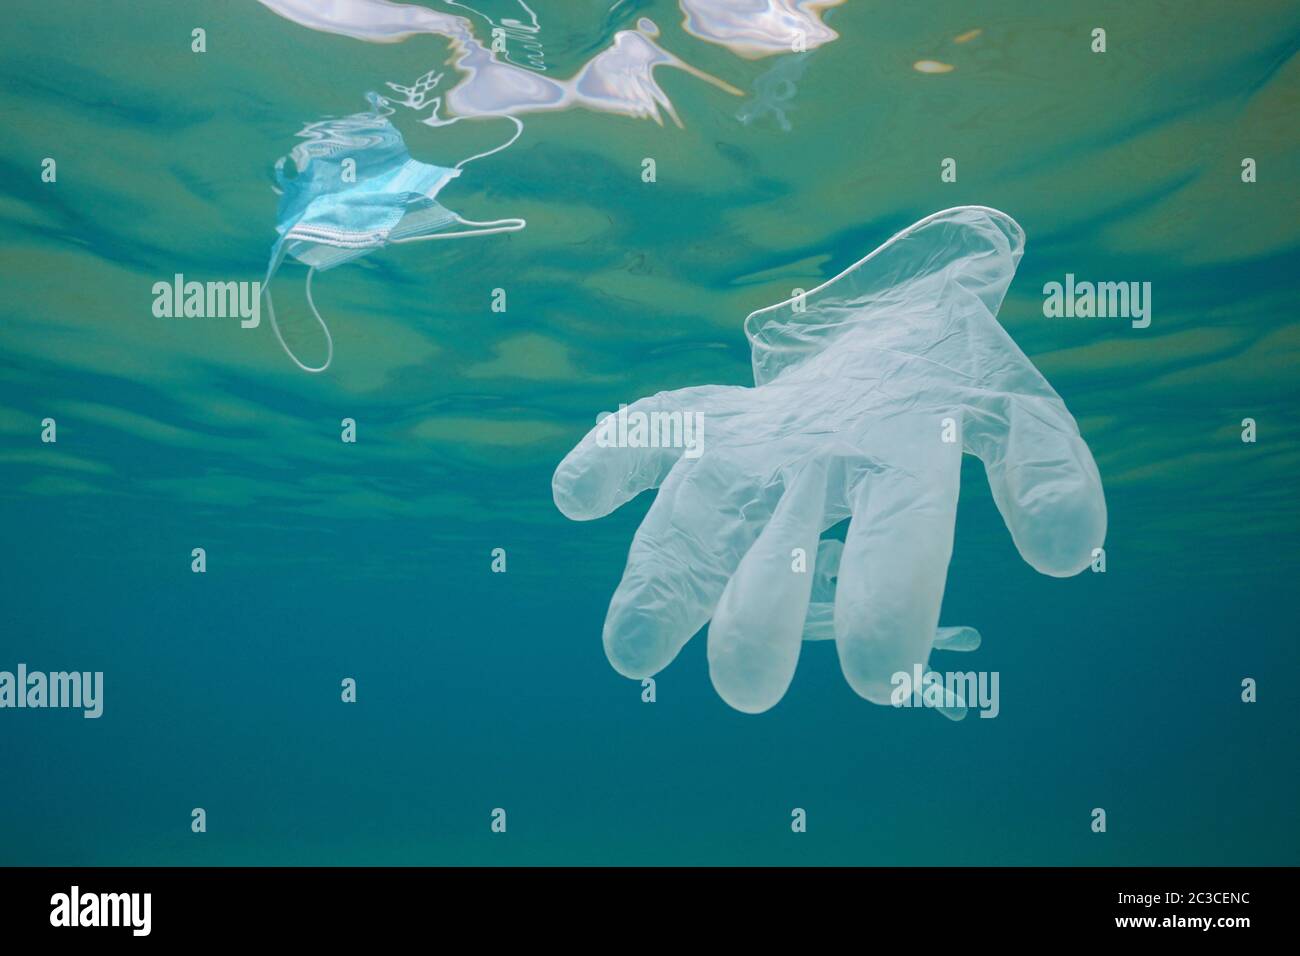 Glove and face mask underwater, ocean plastic waste pollution since coronavirus COVID-19 pandemic Stock Photo
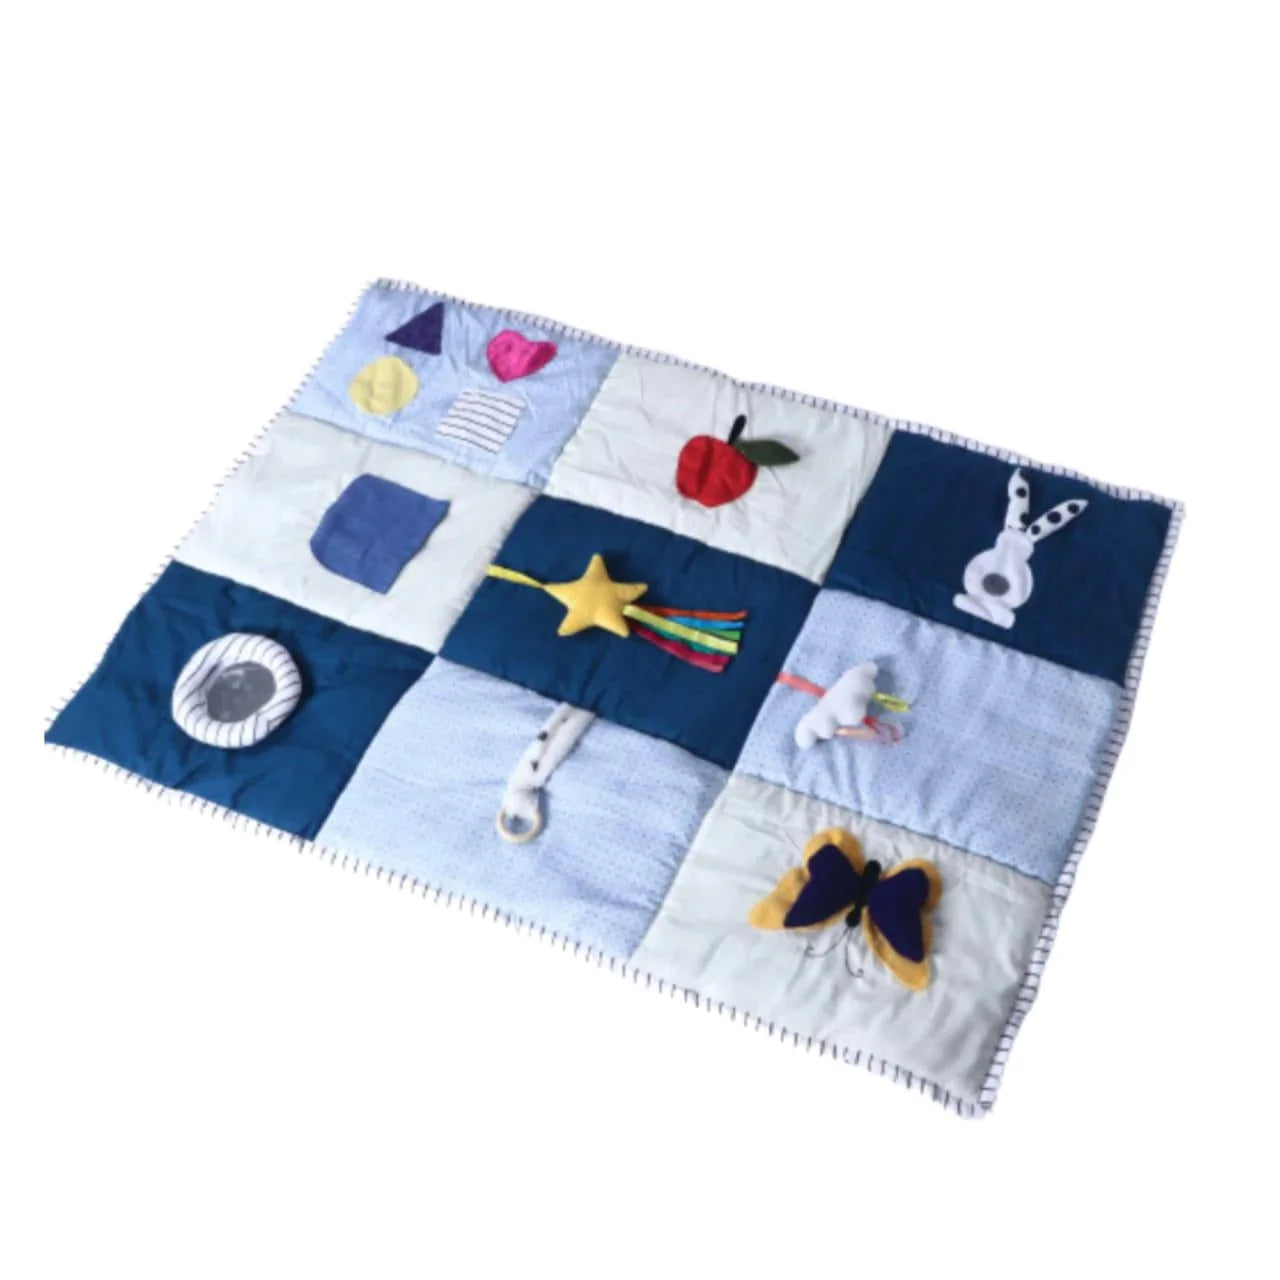 Buy Sensory Cloth Play Mat with Tummy Time Mirrorfor 0-1 Year Babies - SkilloToys.com
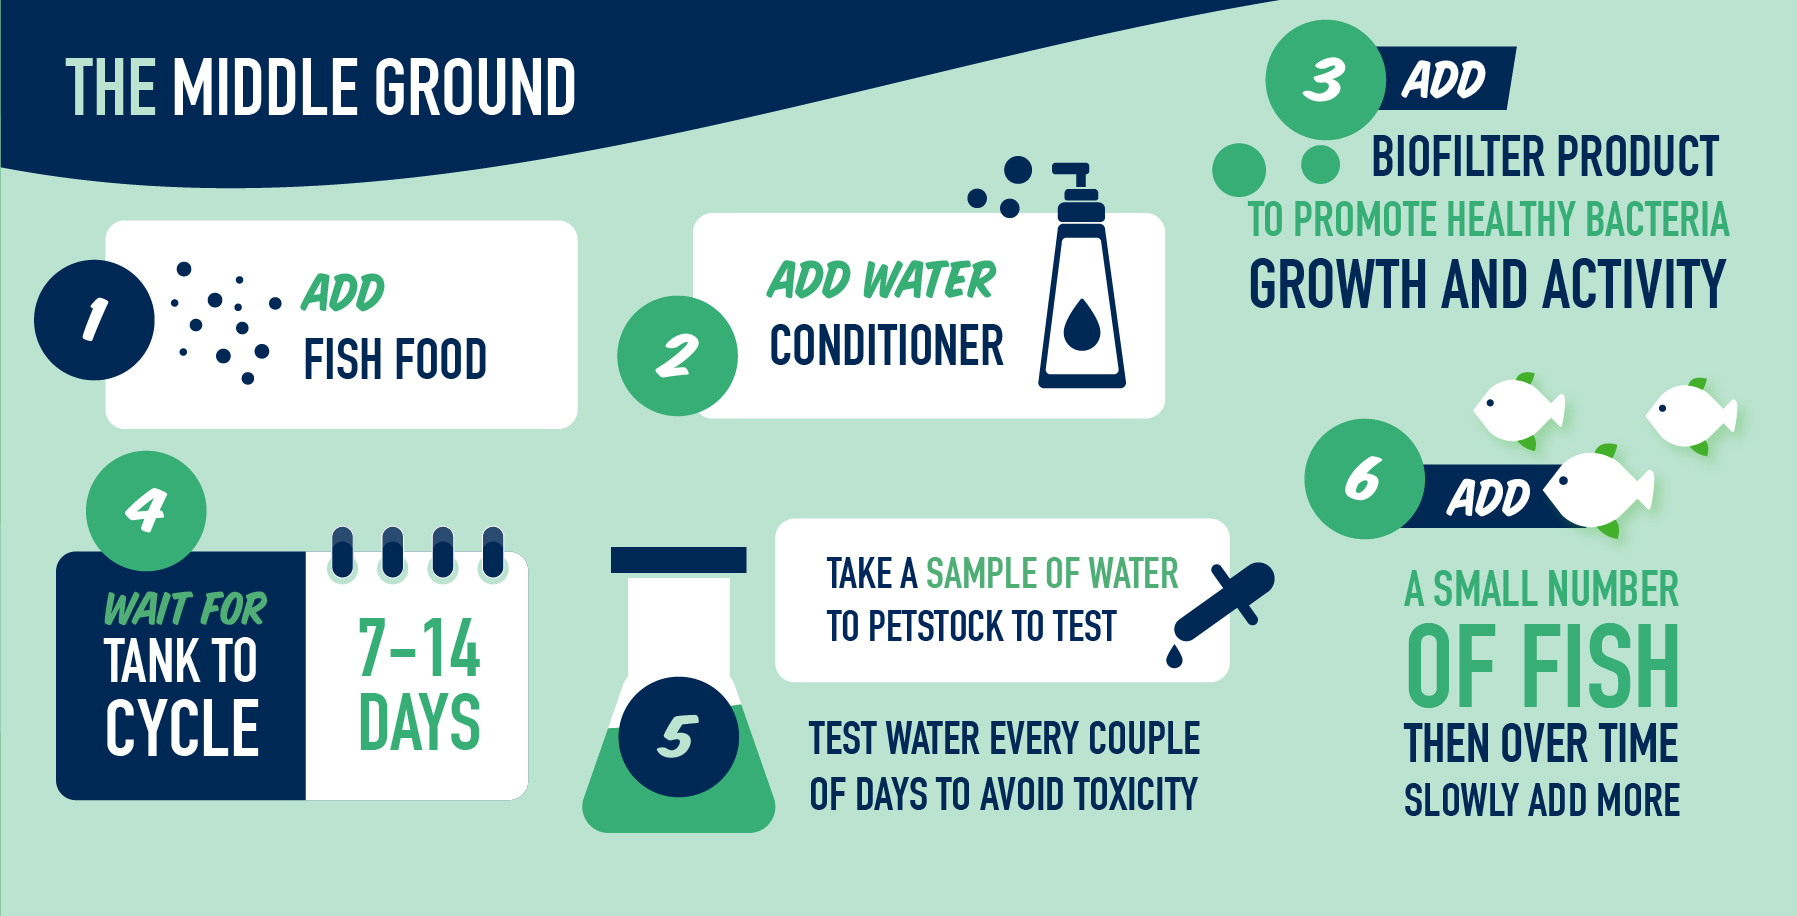 The Middle Ground: 1. Add fish food. 2. Add water conditioner. 3. Add biofilter product to promote healthy bacteria growth and activity. 4. Wait 7 to 14 days for tank to cycle. 5. Take a sample of water to PETstock to test. Test water every couple of days to avoid toxicity. 6. Add a small number of fish then over time slowly add more.
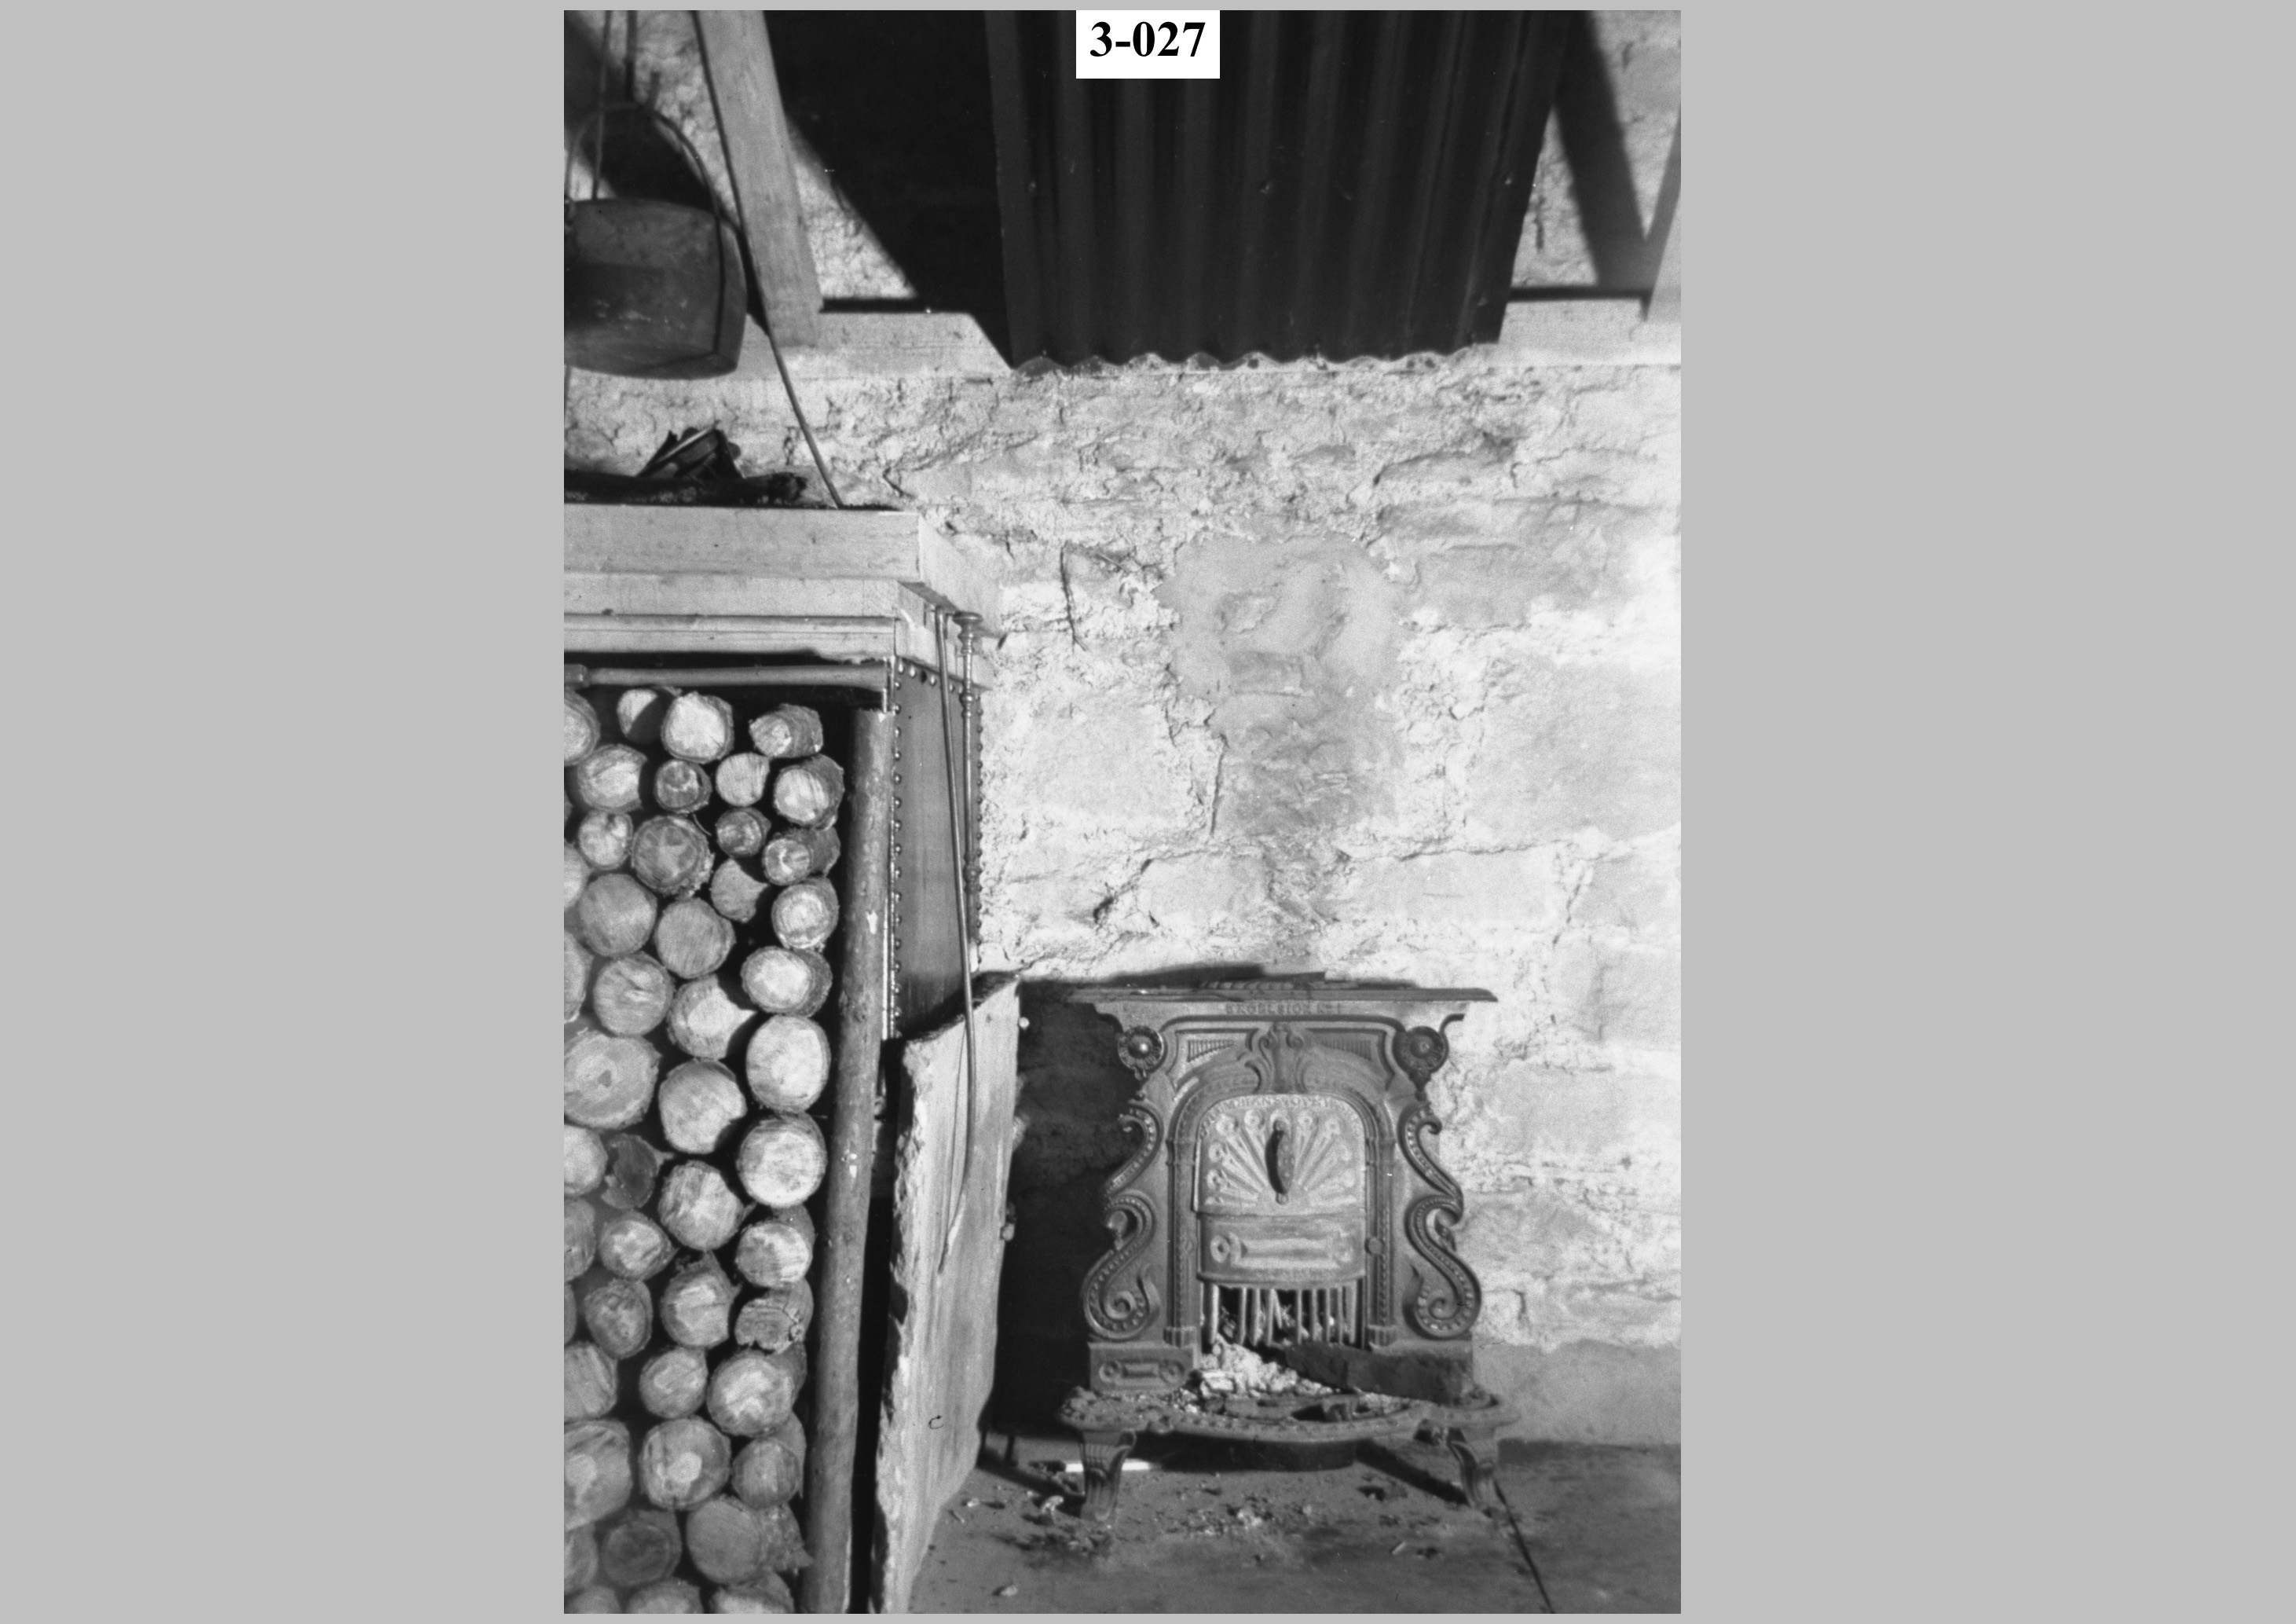 Woodstore and stove.jpg
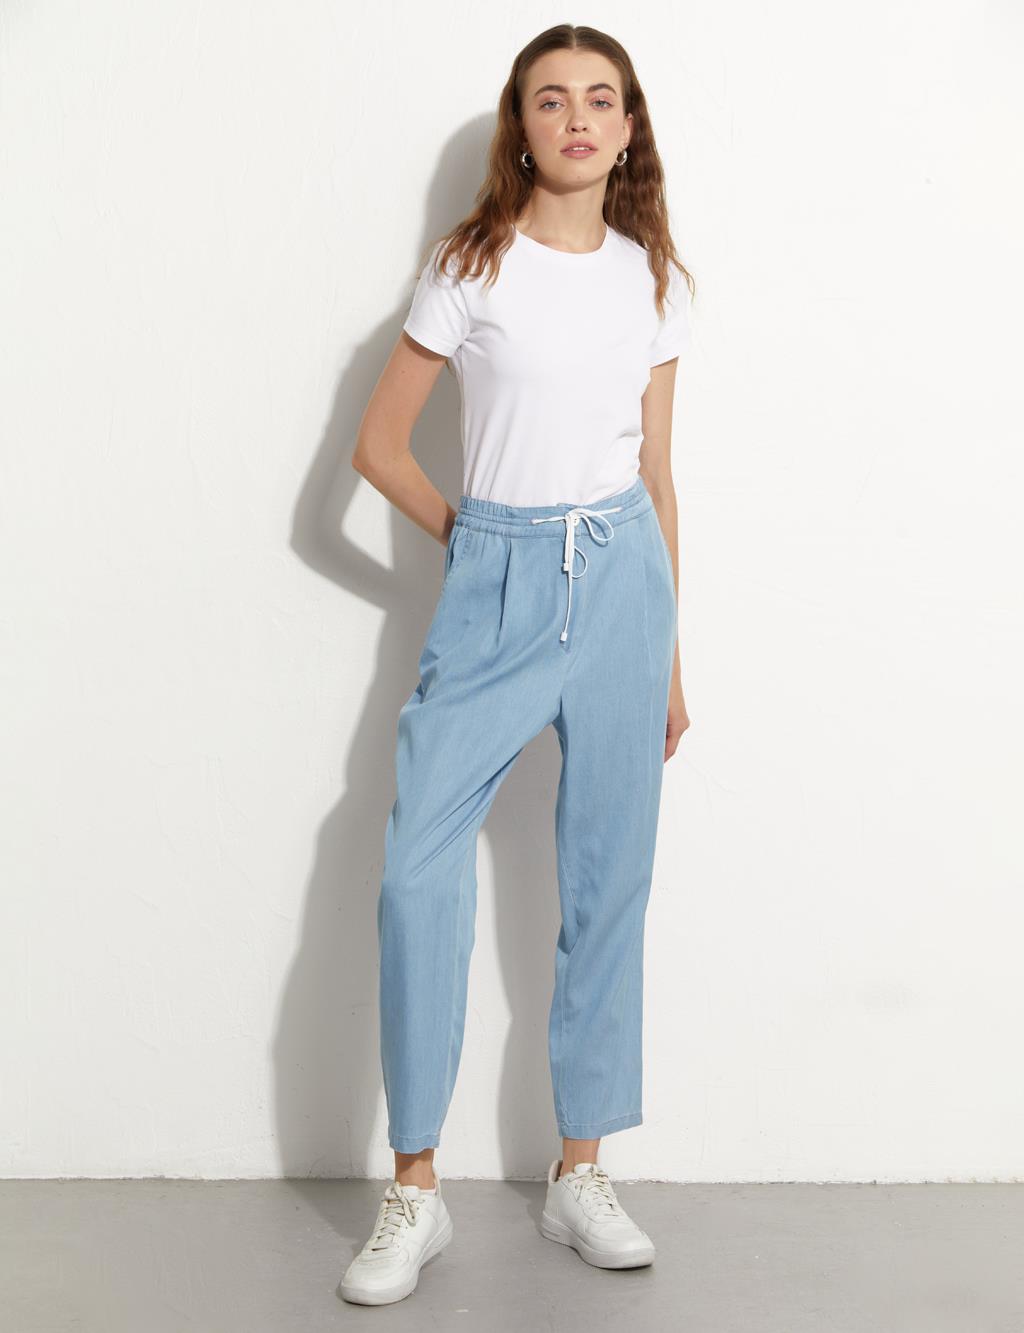 NATIVA, RIGID JEANS. ANNY REAL 01 ICE BLUE, High-Rise Palazzo Jeans 10

________________________

## Problem statement
Reproduce only the lines running from the beginning of the entries above to the line holding "Buy Sensory Cloth", inclusive. Pictures stay out of the copy.

## Solution to the problem
 Glove and face mask underwater, ocean plastic waste pollution since coronavirus COVID-19 pandemic Stock Photo
 Buy Sensory Cloth Play Mat with Tummy Time Mirrorfor 0-1 Year Babies - SkilloToys.com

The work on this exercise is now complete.